Deepfakes are used for laughs and more nefarious reasons. Here’s more about the concept and why it isn’t all fun and games.
Once largely confined to pornography, deepfakes are now popping up everywhere. More troubling: the technology behind it is getting better each year, which could have broad implications in the coming years.
Did Mark Zuckerberg really admit to having stolen data from billions of people? Did Barack Obama call Donald Trump “a complete dipshit?” Each of these videos links is an example of a deepfake, a dangerous form of artificial technology that makes it possible to put words in someone’s mouth or a different face on another person’s body. There are also “voice skins” and “voice clones,” which allow pranksters to mimic the voice.
When discussing deepfakes, there are two questions worth answering. First, what makes them, and second, why have they increasingly become so effective. So let’s take a look.
Deepfakes: So, What’s the Problem?
No doubt, some deepfakes are funny — once you’re in on the joke. Imagine, for example, that the 44th president of the United States really did publicly call the 45th a bad name or that the original Wonder Woman, Lynda Carter, was somehow placed into the more recent movies that actually starred Gal Gadot.
Unfortunately, as deepfakes get better, problems could arise and cause significant problems. For example, political opponents can create fakes videos showing their opponents in compromising positions. In doing so, they could shift the election outcome. In a more dangerous example, imagine the current president of the United States declaring war on China and the Chinese government believing it’s true.

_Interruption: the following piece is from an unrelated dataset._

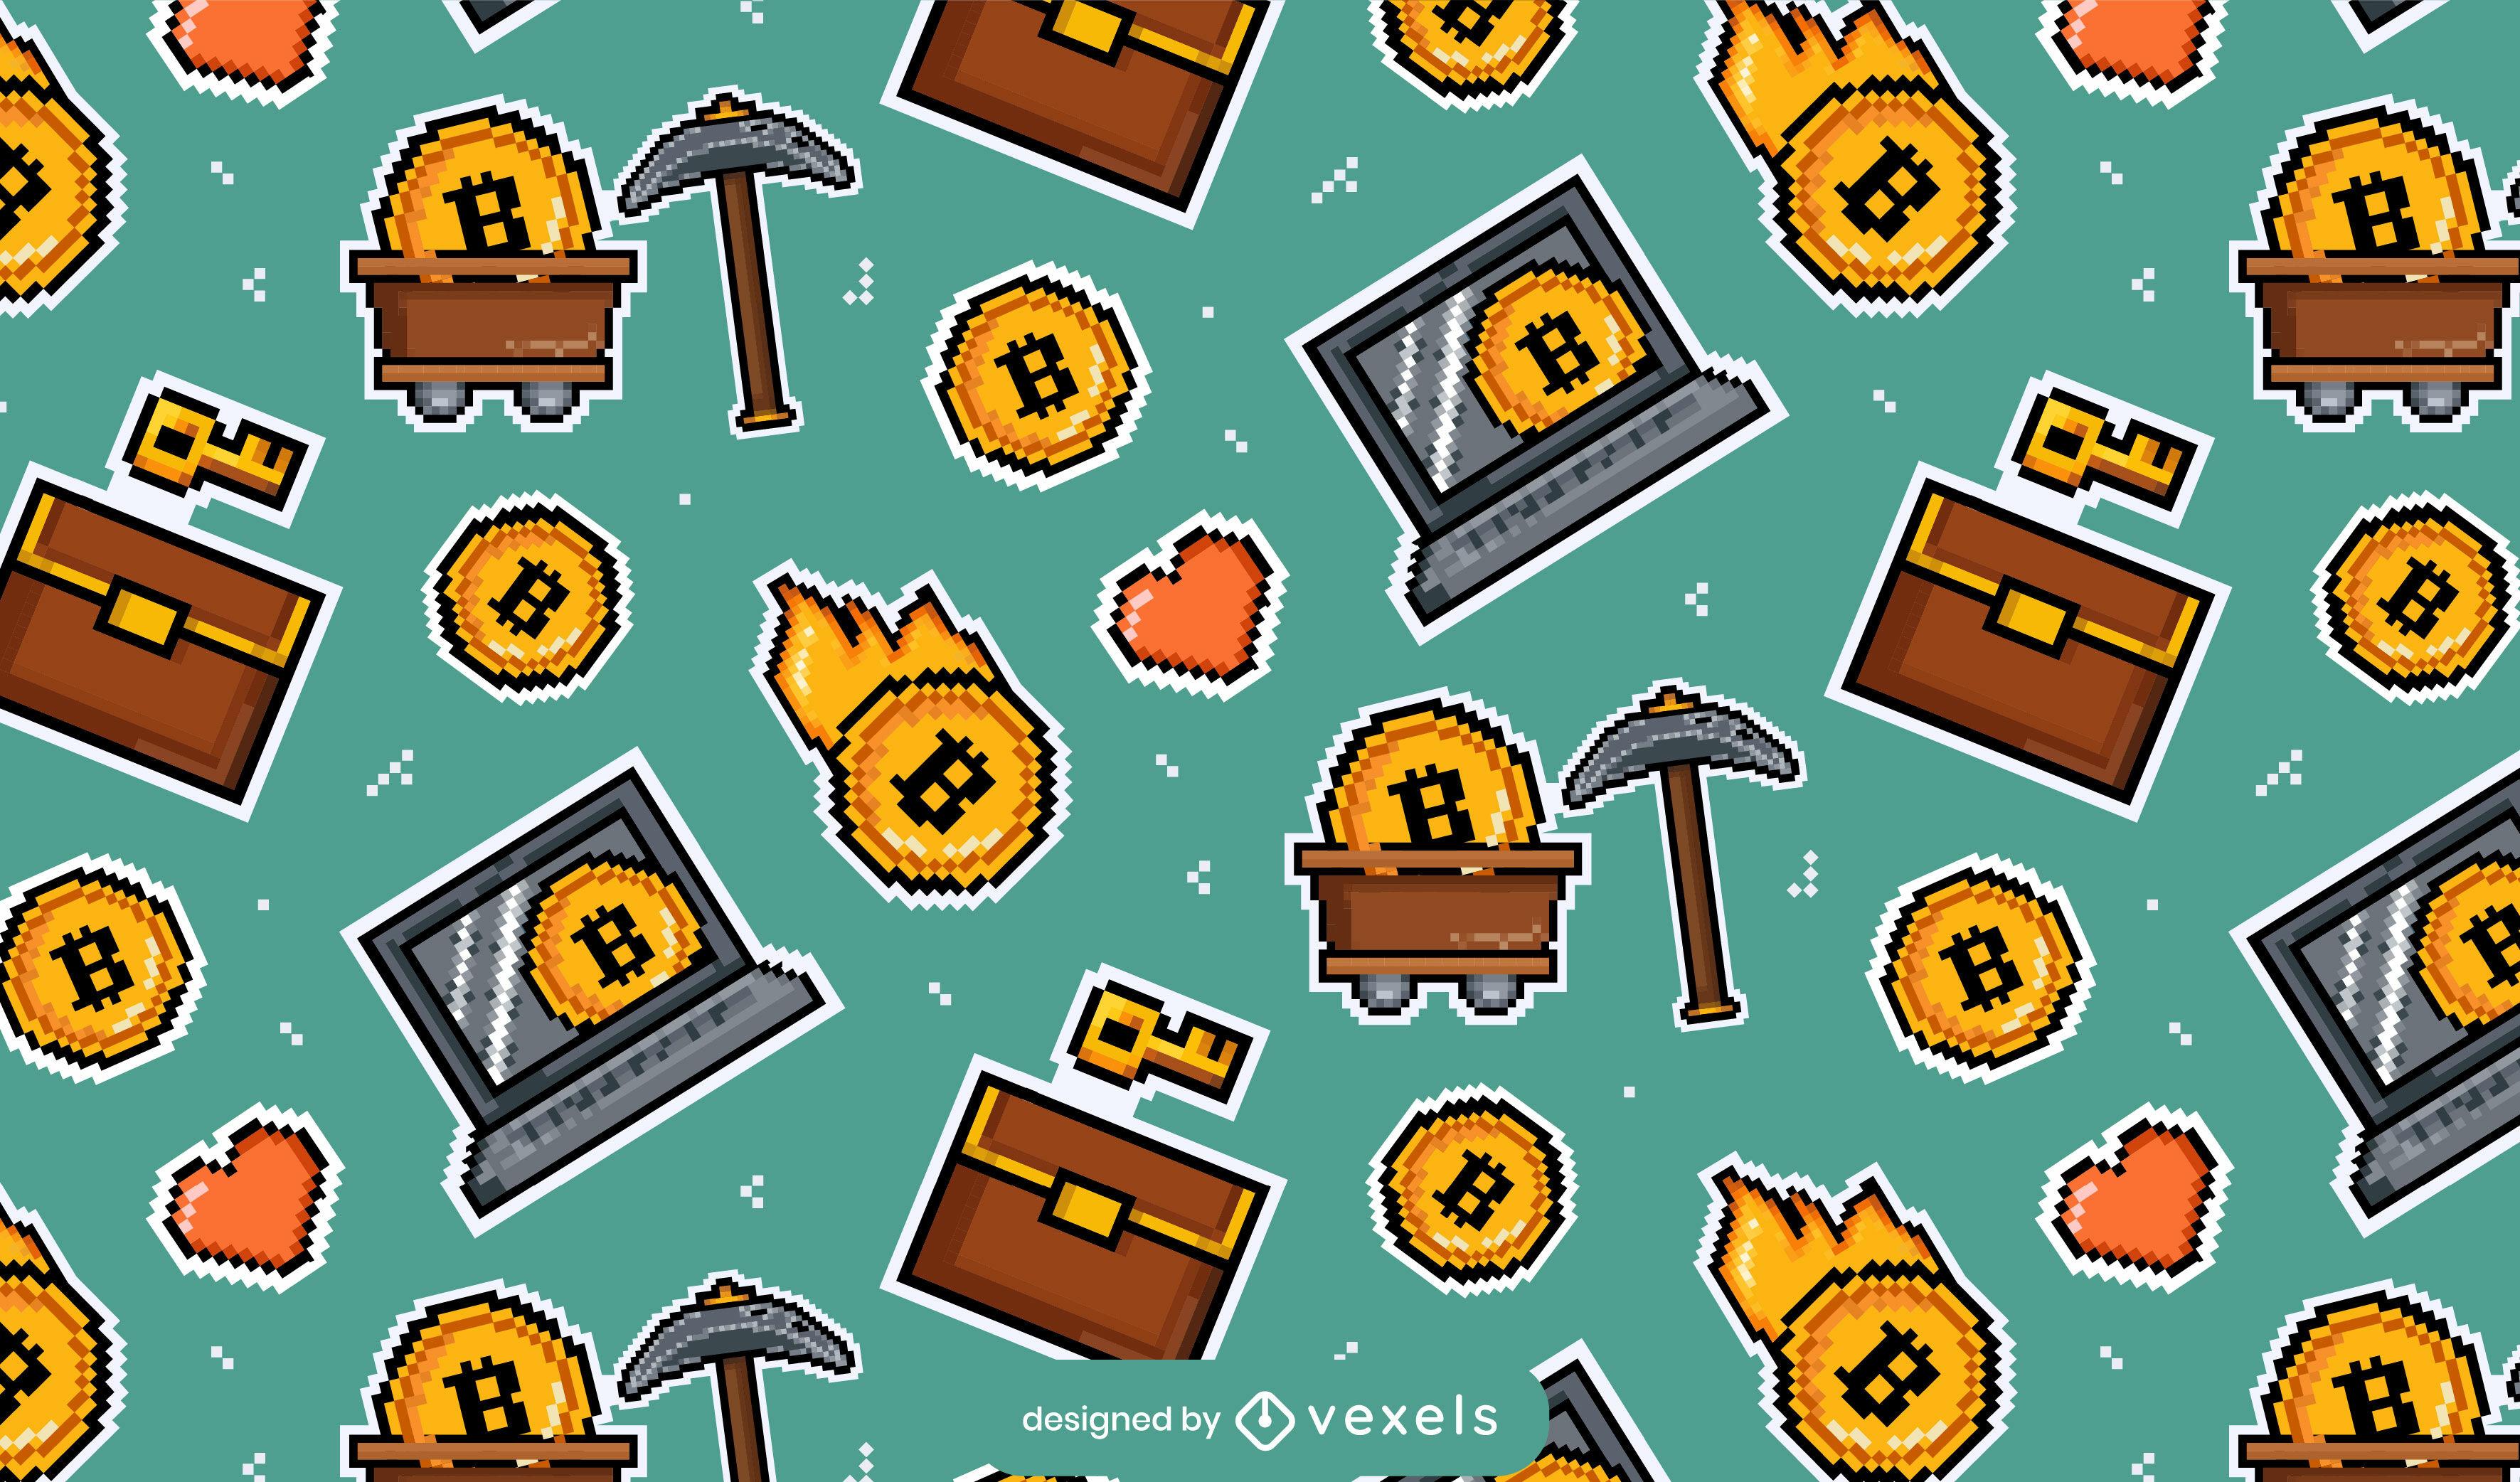 Pixel-Art-Muster von Bitcoin-Elementen

Problems with deepfakes don’t have to involve celebrities or government officials. For example, with “voice skins,” a scammer could convince a parent their child is in trouble, or a fake IRS agent could swindle an unsuspecting citizen to hand over banking information.
Other examples of deepfakes are phishing scams, data breaches, reputation smearing, social engineering, automated disinformation attacks, and financial fraud, among many others.
Why Are They Effective?
Deep learning technology has improved the quality of deepfakes in recent years. And yet, there are other reasons the line because fact and fiction are becoming increasingly blurred. According to Deep Fake Now, confirmation bias and false belief are also messing with our brains.
With confirmation bias, individuals search for, interpret, and favor information in a way that supports one’s beliefs or values.
As the American Psychology Association (APA) explains, “Confirmation Bias is the tendency to look for information that supports, rather than rejects, one’s preconceptions, typically by interpreting evidence to confirm existing beliefs while rejecting or ignoring any conflicting data.”
In psychology, the theory of mind refers to the mental capacity to understand other people and their behavior. A false belief is considered an important milestone to the theory. It’s the understanding that other people can believe things that aren’t true.
Back to Deep Fake Now: “Given enough time, someone, somewhere will inevitably use ‘alternative facts’ to support their agenda. And they’ll be likely to use deepfake technology to ‘prove’ their statements. It’s their way of spreading doubt and propaganda within societies.”
Both concepts show how deepfakes are be used as a tool to alter an opinion.
Deepfakes: Is It Real or Fake?
Even though the technology behind deepfakes is getting better, there are ways to tell when a video specifically is fake. In fact, Norton explains there are at least 15 sure-fire ways to determine fakery. Among these are:
- Unnatural eye movement. Eye movements that do not look natural — or a lack of eye movement, such as an absence of blinking — are red flags. It’s challenging to replicate the act of blinking in a way that looks natural. It’s also challenging to replicate a real person’s eye moments. That’s becomes someone’s eyes usually follow the person they’re talking to.
- A lack of emotion. You also can spot facial morphing or image stiches if someone’s face doesn’t seem to exhibit the emotion that should go along with what they’re supposedly saying.
- Unnatural coloring. Abnormal skin tone, discoloration, weird lighting, and misplaced shadows are all signs that what you’re seeing is likely fake.
- Digital fingerprints. Blockchain technology can also create a digital fingerprint for videos. While not foolproof, this blockchain-based verification can help establish a video’s authenticity. Here’s how it works. When a video is created, the content is registered to a ledger that can’t be changed. This technology can help prove the authenticity of a video.
- Reverse image searches. A search for an original image, or a reverse image search with the help of a computer, can unearth similar videos online to help determine if an image, audio, or video has been altered in any way. While reverse video search technology is not publicly available yet, investing in a tool like this could be helpful.
There are lots of examples of deepfakes online. My personal favorites include the following:
As you can see, deepfakes can be funny, hilarious, really. Unfortunately, they can also be dangerous when the technology is used illegally. It will be interesting to where this goes as a concept in the years ahead.